The Surgeon Stereotype

“What’s the difference between God and a surgeon? God doesn’t think He’s a surgeon.”1 Jokes like these are very commonplace; they poke fun at the notion that surgeons are arrogant, overconfident, and mean.

As a fourth year medical student going into general surgery, I have been told by my classmates, residents, and attendings that I am “too nice” to go into surgery. I would awkwardly laugh it off, not showing my frustration and confusion. Why does everyone think surgeons are mean? Surely, people can’t take one bad experience and blanket it onto an entire group of people? Internally, I would immediately get defensive—it doesn’t feel good when people insult your colleagues and friends, especially without any basis. My experiences with surgical residents and attendings have been extremely positive, and this was a contributing factor to me deciding to pursue a surgical career. After a couple of these comments, I vowed to make every effort I could to shatter this negative stereotype of all surgeons being mean—not only to minimize this unfair view of myself and my colleagues, but also to prevent aspiring medical students from being scared or hesitant to pursue surgery.

Societal Stereotypes

Every medical specialty has some sort of “stereotype” about them. These are usually made from one medical professional to the other, in good fun. However, it seems the stereotype that surgeons are mean and arrogant is more serious, and is engrained in the minds of medical students, residents, and attendings from all specialties. It is so serious that I have had M1s to M3s ask me, “Is it true that most everyone is mean? I’m interested in surgery but maybe I should start thinking about something else.” One internal medicine attending told me, “It’s a shame you’re going into surgery and not medicine. Your personality is great.” These kind of remarks illustrated to me that there is a deeply rooted stigma in our field.
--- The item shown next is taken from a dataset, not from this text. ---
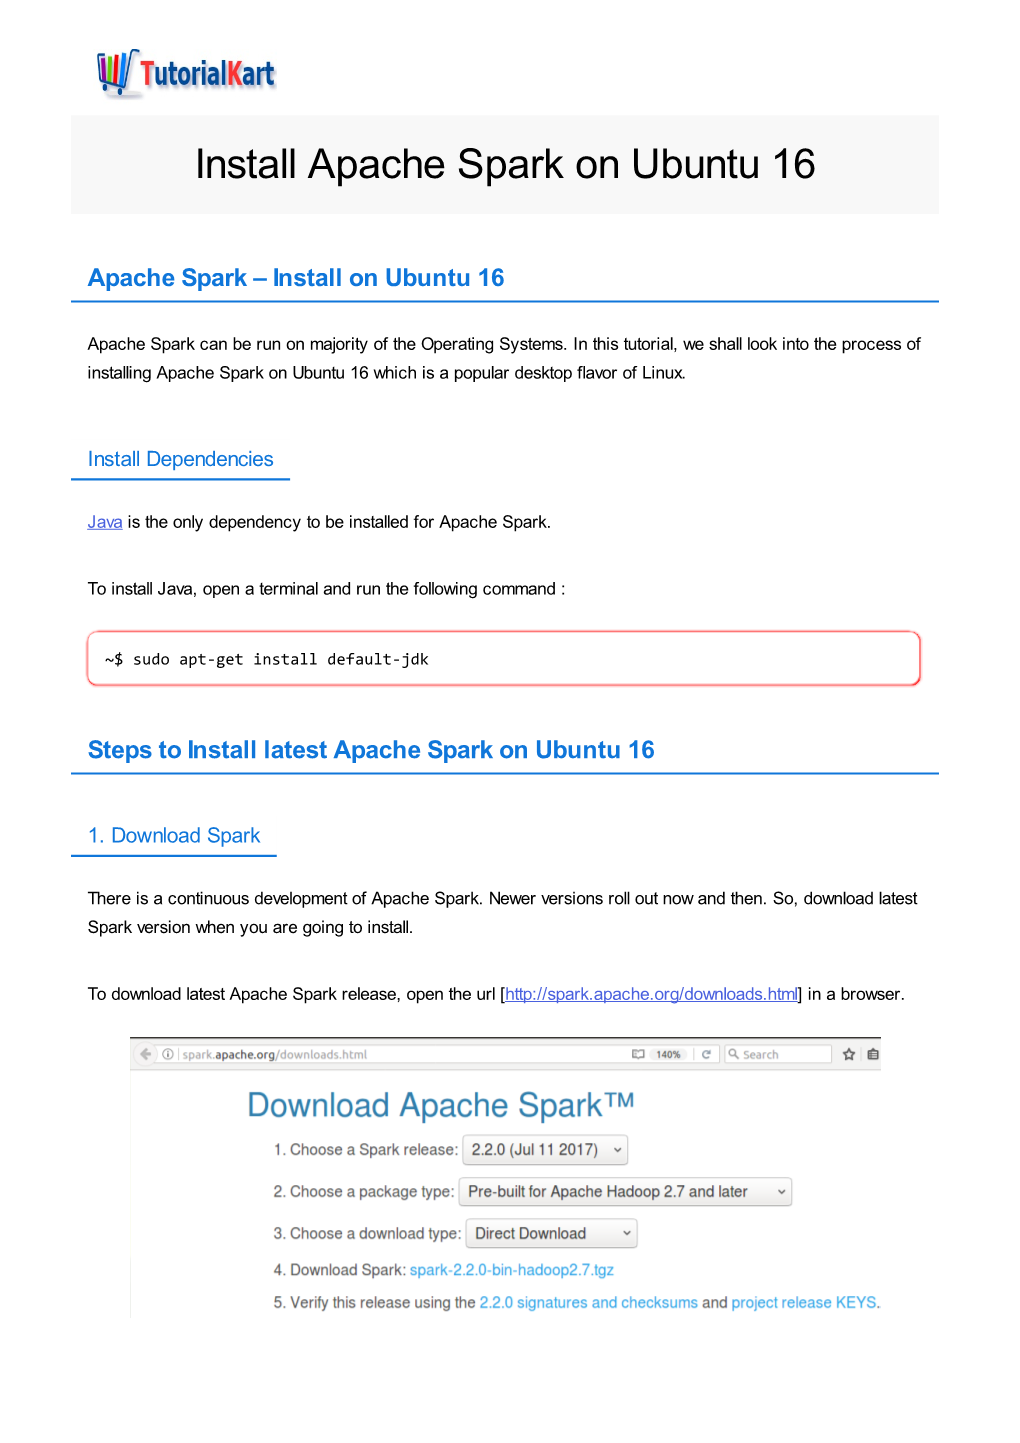 How to Install Latest Apache Spark on Ubuntu 16
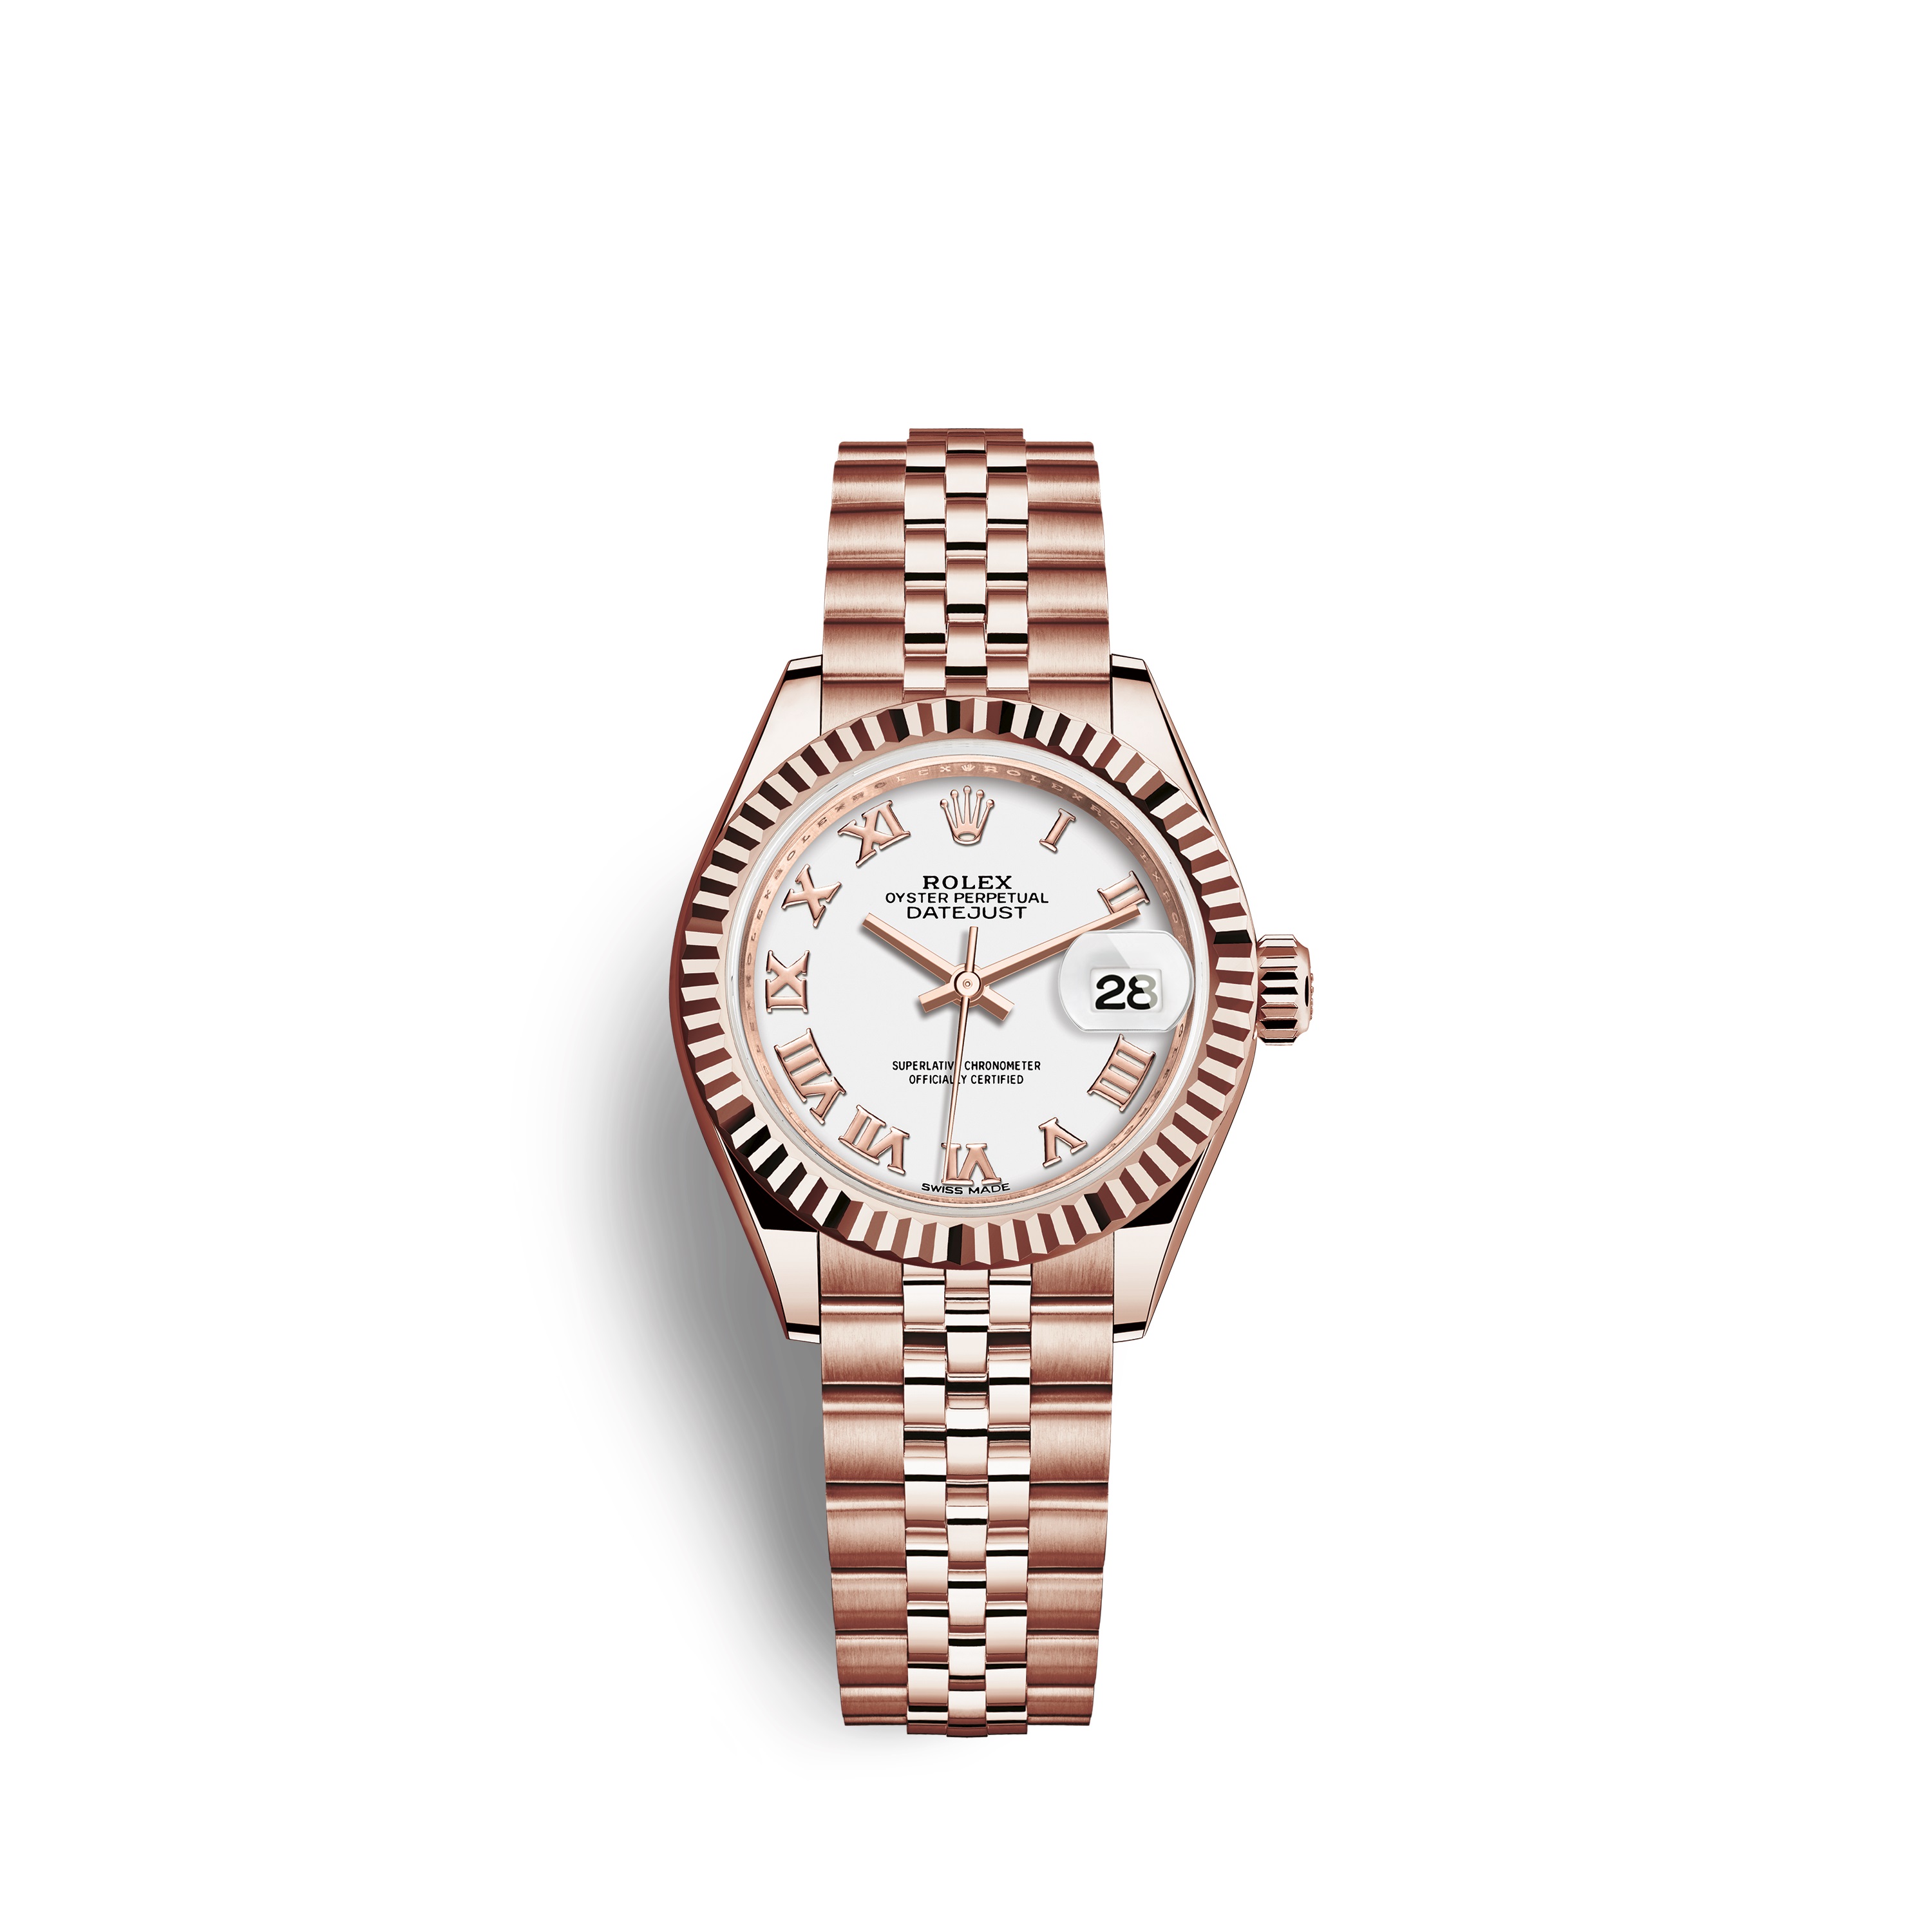 Lady-Datejust 28 279175 Rose Gold Watch (White)

Medical students throughout the years have fueled this stereotype by exchanging “horror” stories from their surgery clerkships. Outright abusive behavior towards medical students has greatly declined, however, so why does this stereotype still exist? From discussion with my fellow medical students, it appears that surgeons are more likely than other specialists to be rude, scold students, or pay little to no attention to them. While I disagree with this, it seems the story of a few has become the story of the many. The negative stories about surgeon interactions have been propagated throughout the medical community, making surgery the most notorious specialty. People don’t need to have a bad experience anymore—it’s assumed, unless proven otherwise, that surgical residents and attending are unfriendly and mean.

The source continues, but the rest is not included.